Further, if our partners, including suppliers, fail to obtain required import, export, or re-export licenses or permits, we may also be harmed, become the subject of government investigations or penalties, and incur reputational harm. Changes in our solution or changes in export and import regulations may create delays in the introduction of our solution in international markets, prevent our customers with international operations from deploying our solution globally or, in some cases, prevent the export or import of our solution to certain countries, governments, or persons altogether. Any change in export or import laws or regulations, economic sanctions, or related legislation, shift in the enforcement or scope of existing laws and regulations, or change in the countries, governments, persons, or technologies targeted by such laws and regulations, could result in decreased use of our solution by, or in our decreased ability to export or sell our solution to, existing or potential customers with international operations. Any decreased use of our solution or limitation on our ability to export or sell our solution would likely harm our business, financial condition, and operating results.
Our ability to use our net operating losses to offset future taxable income may be subject to certain limitations which could subject our business to increased tax liability.
Under the Tax Cuts and Jobs Act (Tax Reform Act), although the treatment of tax losses generated in taxable years ending on or before December 31, 2017 has generally not changed, tax losses generated in taxable years beginning after December 31, 2017 may be utilized to offset no more than 80% of taxable income annually. This change may require us to pay more federal income taxes in future years than we would have had to pay under pre-existing law. In addition, the Tax Reform Act's new "base erosion and anti-abuse tax" or "BEAT" may require us to pay additional federal income taxes even in years when we are not profitable.
The applicability of sales, use and other tax laws or regulations on our business is uncertain. Adverse tax laws or regulations could be enacted or existing laws could be applied to us or our customers, which could subject us to additional tax liability and related interest and penalties, increase the costs of our services and adversely impact our business.
The application of federal, state, local, and non-U.S. tax laws to services provided electronically is evolving. New income, sales, use, value-added, or other tax laws, statutes, rules, regulations, or ordinances could be enacted at any time (possibly with retroactive effect), and could be applied solely or disproportionately to services provided over the Internet or could otherwise materially affect our financial position and results of operations. Many countries in the European Union, as well as a number of other countries and organizations such as the Organization for Economic Cooperation and Development, have recently proposed or recommended changes to existing tax laws or have enacted new laws that could impact our tax obligations.

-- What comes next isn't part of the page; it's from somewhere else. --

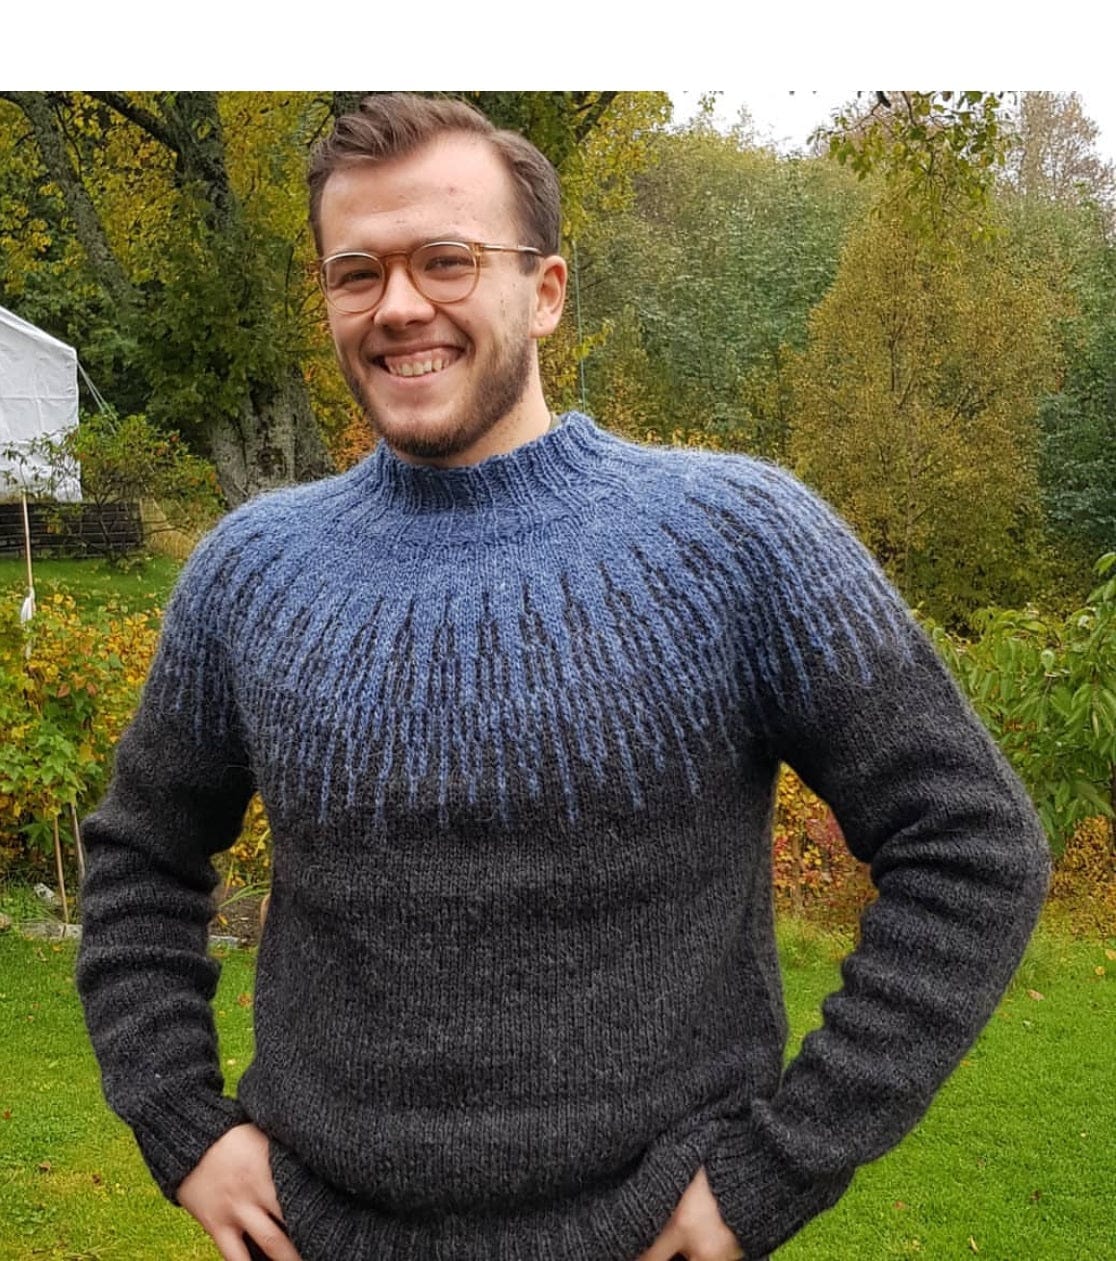 Arnar Icelandic sweater Black and Blue - Knitting Kit - The Icelandic Store

In addition, state, local, and foreign tax jurisdictions have differing rules and regulations governing sales, use, value-added, and other taxes, and these rules and regulations can be complex and are subject to varying interpretations that may change over time. For example, a U.S. Supreme Court ruling in June 2018 could result in more states requiring us to collect sales or use tax on sales we make to their residents. Existing tax laws, statutes, rules, regulations, or ordinances could be interpreted, changed, modified, or applied adversely to us (possibly with retroactive effect), which could require us or our customers to pay additional tax amounts on prior sales and going forward, as well as require us or our customers to pay fines or penalties and interest for past amounts. Although our customer contracts typically provide that our customers must pay all applicable sales and similar taxes, our customers may be reluctant to pay back taxes and associated interest or penalties, or we
may determine that it would not be commercially feasible to seek reimbursement. If we are required to collect and pay back taxes and associated interest and penalties, or we are unsuccessful in collecting such amounts from our customers, we could incur potentially substantial unplanned expenses, thereby adversely impacting our operating results and cash flows. Imposition of such taxes on our services going forward could also adversely affect our sales activity and have a negative impact on our operating results and cash flows.
Our results of operations and financial condition could be materially affected by the enactment of legislation implementing changes in the U.S. or foreign taxation of international business activities or the adoption of other tax reform policies.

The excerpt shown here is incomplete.